SPACE DISCO: The casino is very disco, especially the fashions, most especially Tangie's glitter ball dress. Another sign of the times is the wannabe cheater's GIGANTIC '70s pocket calculator.

STAR GAZING: While Pamela Susan Shoop (Tangie) and Richard Lynch (Velosi) have been guest-stars in countless television shows, they're not the biggest stars here. Caesae Romeo had, of course, been the Joker in Batman '66, and would also go on to play Peter Stavros on the prime time soap Falcon Crest. I mention this specifically because Ana Alicia (Falina) was one of the main characters on that show (Samantha Ross). Both she and Shoop would star in Halloween II. Joseph Wiseman (interrogator Morphus) had briefly played the Draconian Emperor in the movie version of the pilot, but I'll mention once again that he had been Dr. No in the film of that name. When I heard the computer croupier speak, I recognized him right away as Olan Soule, the voice of Batman in Super-Friends! And I'll put this here, but Felix Silla (Twiki) is seen in the casino as himself.
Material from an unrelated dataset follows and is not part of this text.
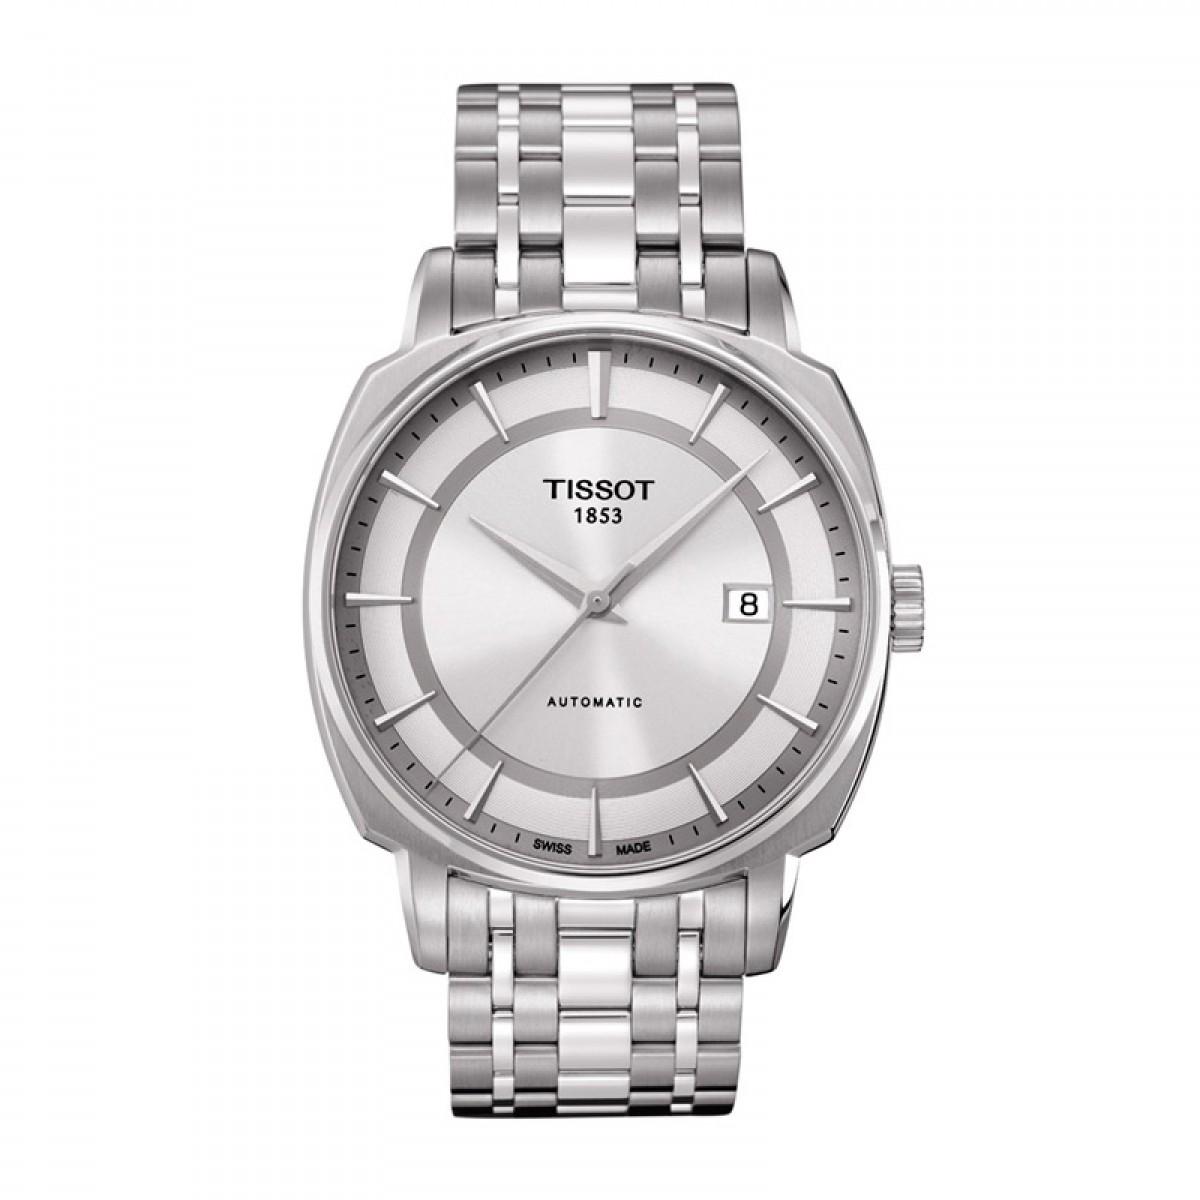 Часовник Tissot T059.507.11.031.00
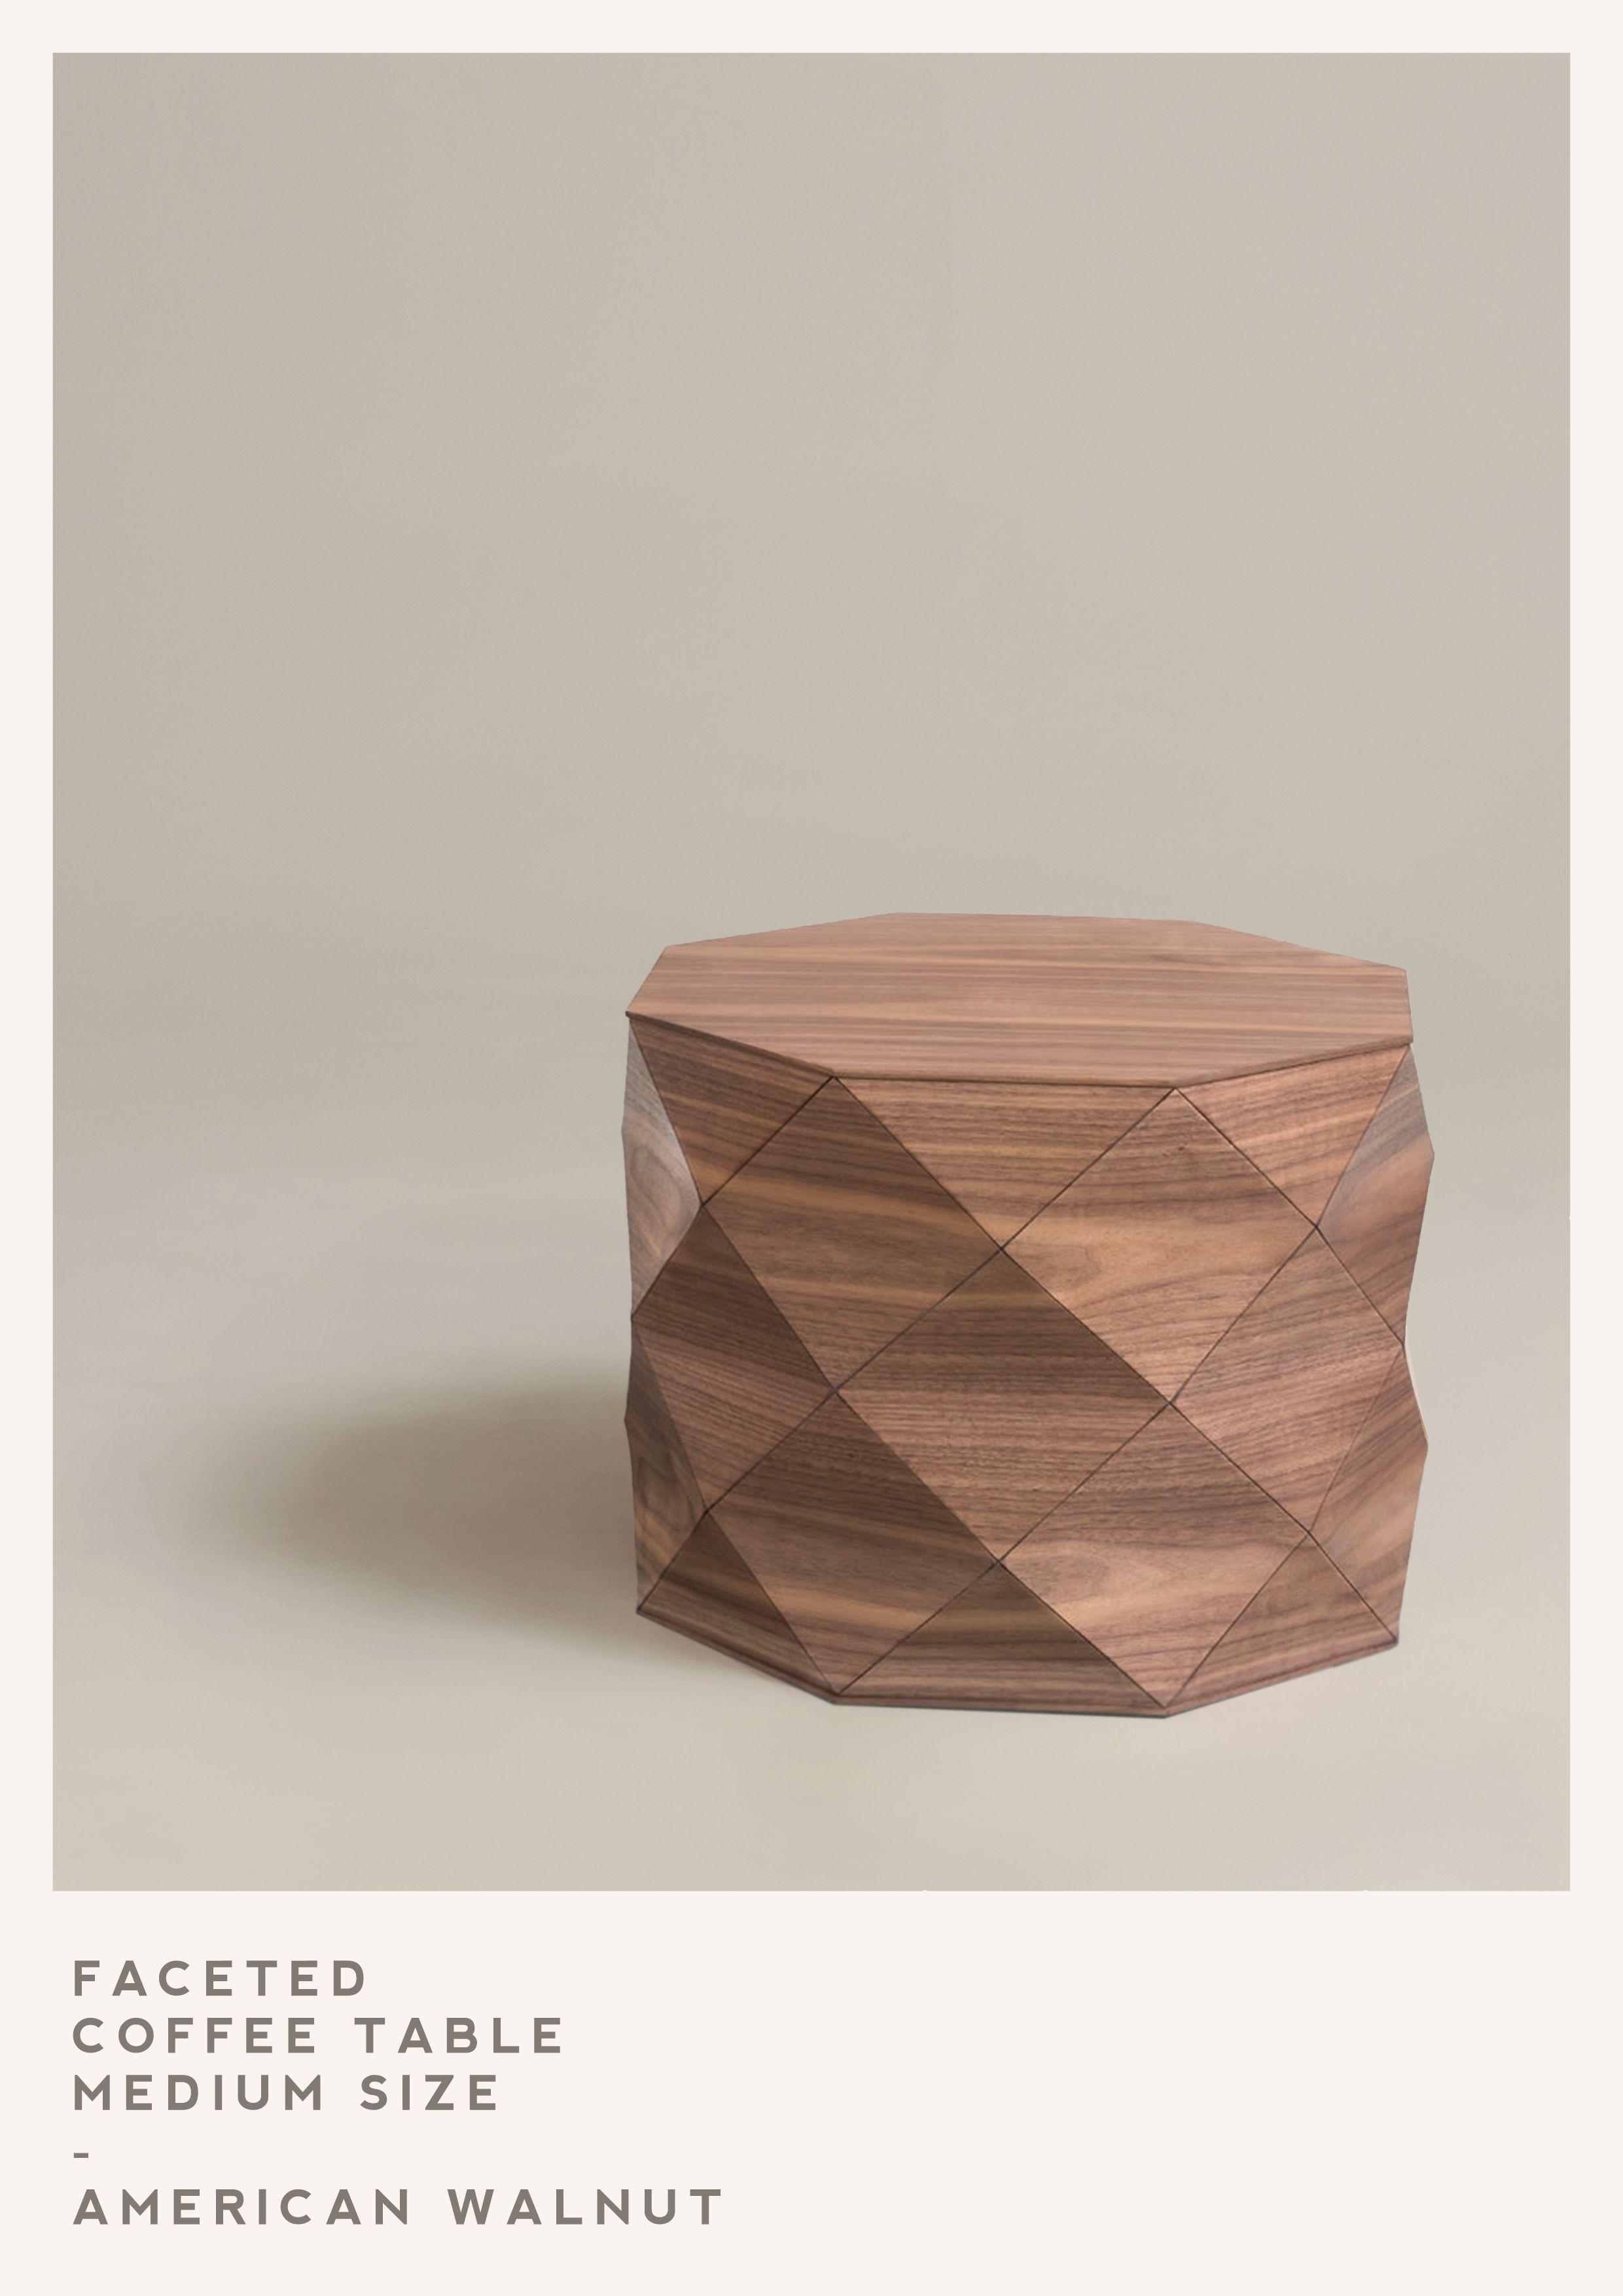 Medium American Walnut Coffee Table Handmade By Tesler Mendelovitch Wooden Accessories Walnut Coffee Table Wood [ 3508 x 2480 Pixel ]

Richard Lynch had been used as a villain before by this production team - he played Wolfe in Battlestar Galactica's "Gun on Ice Planet Zero". That show also visited a space casino that was a hive of villainy in "Saga of a Star World". Ana Alicia had also been Aurora in "Take the Celestra". Note also the Star Wars fashion influence with Buck playing Han Solo in his civilian clothes, and the capes and helmets of the guards evoking Darth Vader's (but what if the Death Star were painted in peach?).

REWATCHABILITY: Medium - An odd one where Buck is paired off with a different girl and her thunder is stolen by a third one (go Tangie!). Still, generally up to the show's standards of fun sci-fi action.


Mike W. said...

Okay, I got the first seasons episodes so I can follow along now. You're right about Tangie, she's great. It's too bad she couldn't have been a recurring character. The actress looks really familiar, but as you mentioned, she was on tons of TV shows, so I'm probably getting a vague recollection of her from those.

Ana Alicia is certainly attractive, but she really goes overboard on the emoting. I seem to remember her being better on Falcon Crest; maybe she had some acting lessons in the meantime.

Siskoid said...

For a lot of actresses, Buck Rogers was a first or early gig, so I completely understand if the acting isn't on point.

Tangie gets referenced a couple of times later, so there's that.